=== Problem description ===
Pictures stay out of the copy. Retype exactly the lines below from the one with "LACKING - ARTWORK" through the one with "Wheelbarrow full of plant bits".

=== Exercise input ===

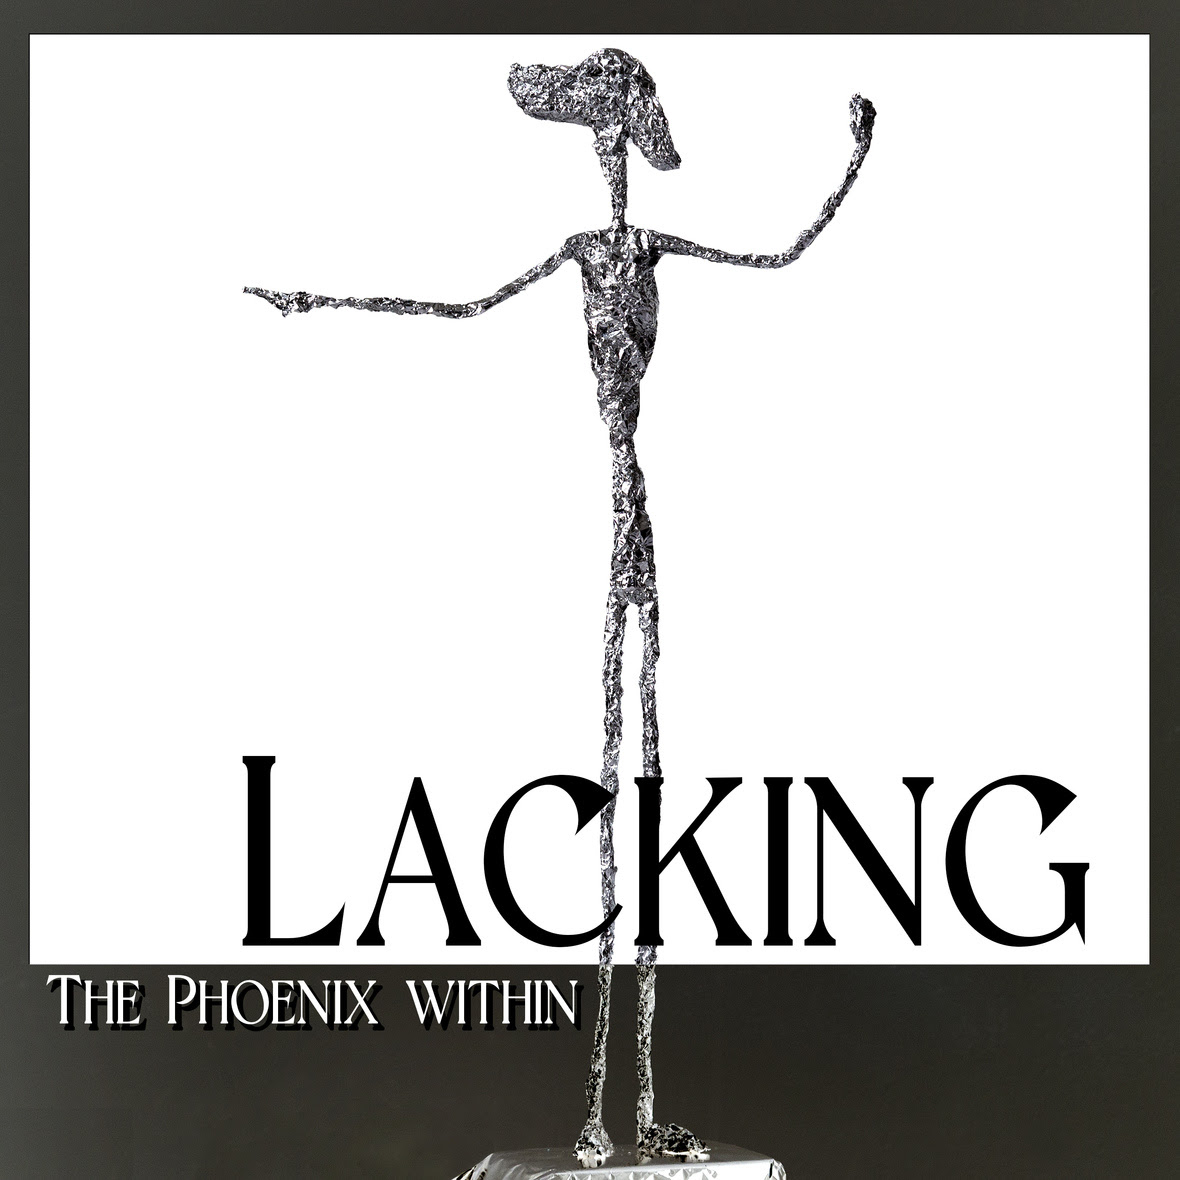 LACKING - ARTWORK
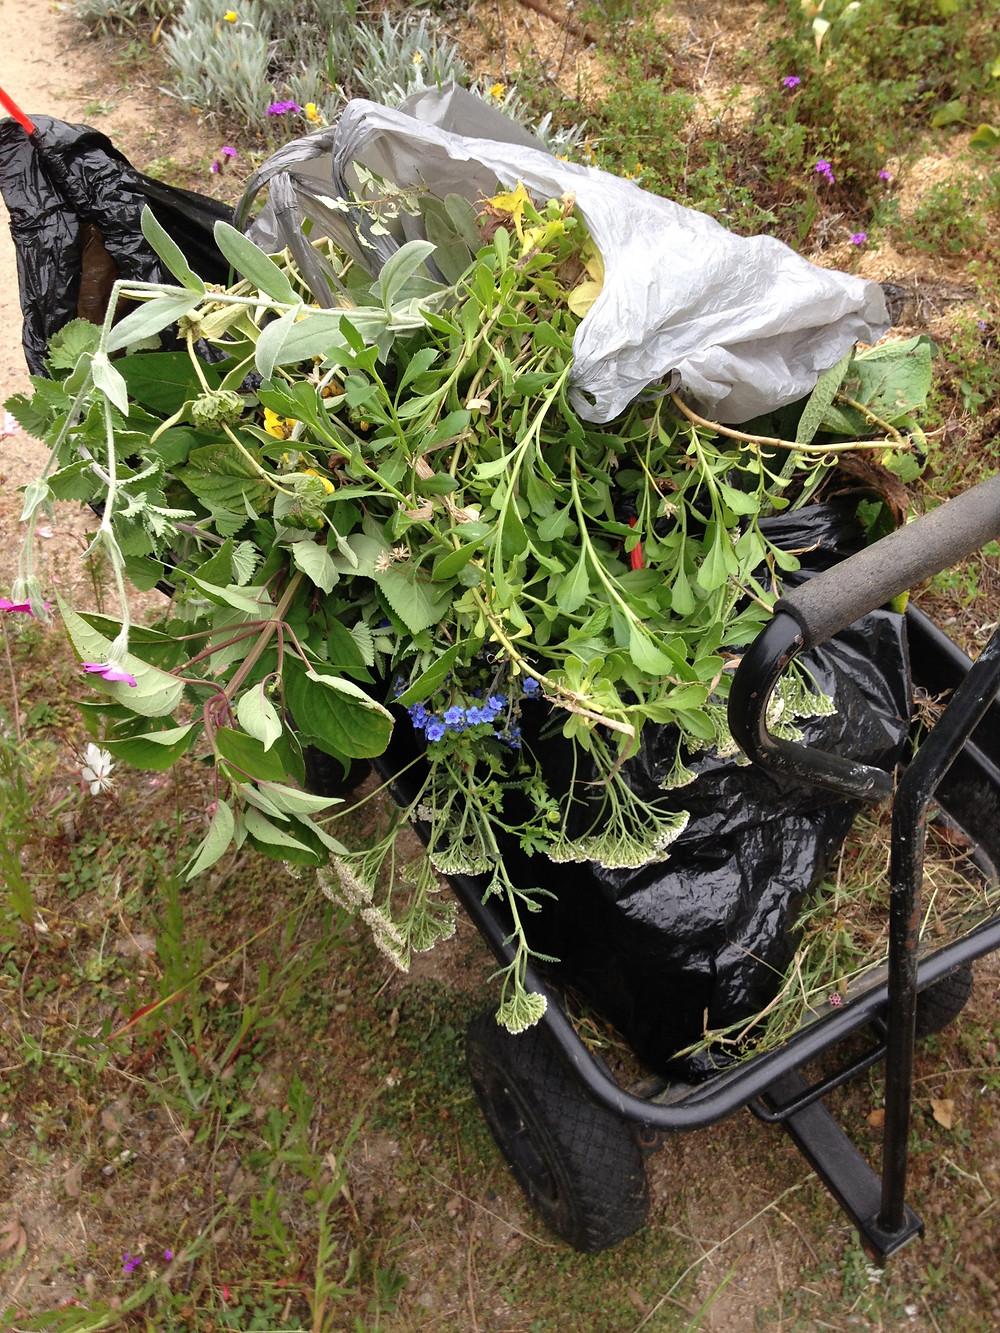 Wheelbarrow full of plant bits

* * *

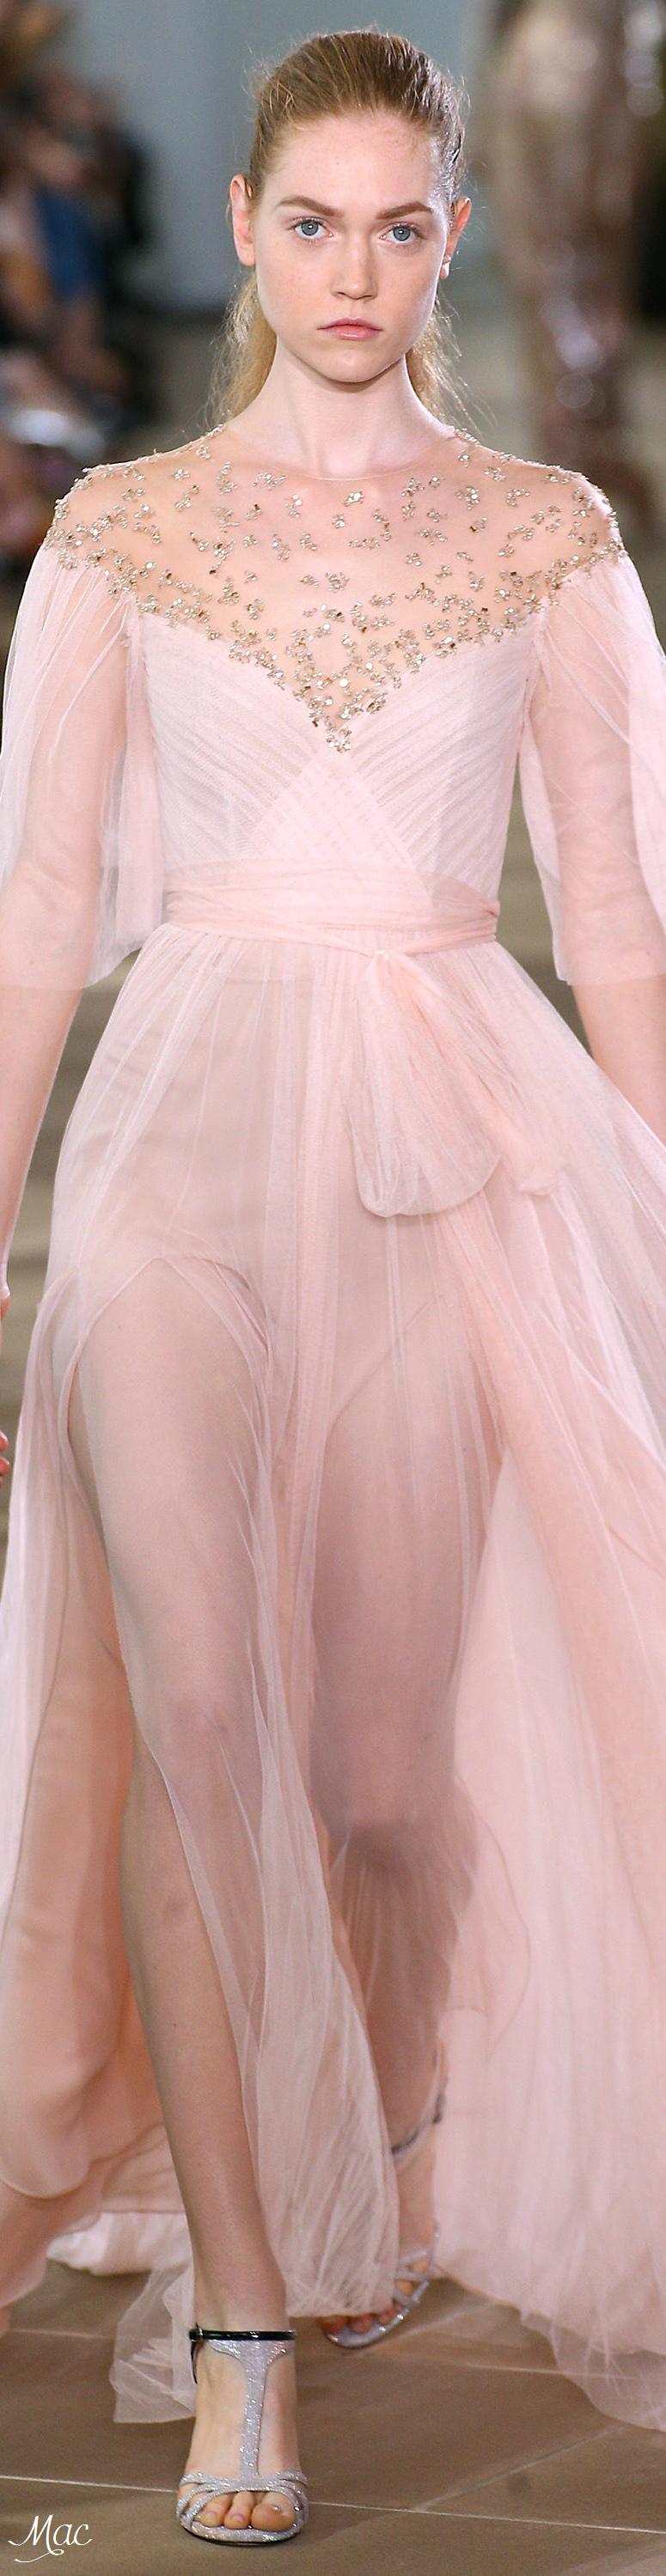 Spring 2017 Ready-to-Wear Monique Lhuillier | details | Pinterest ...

=== Output for this exercise ===
 LACKING - ARTWORK
 Wheelbarrow full of plant bits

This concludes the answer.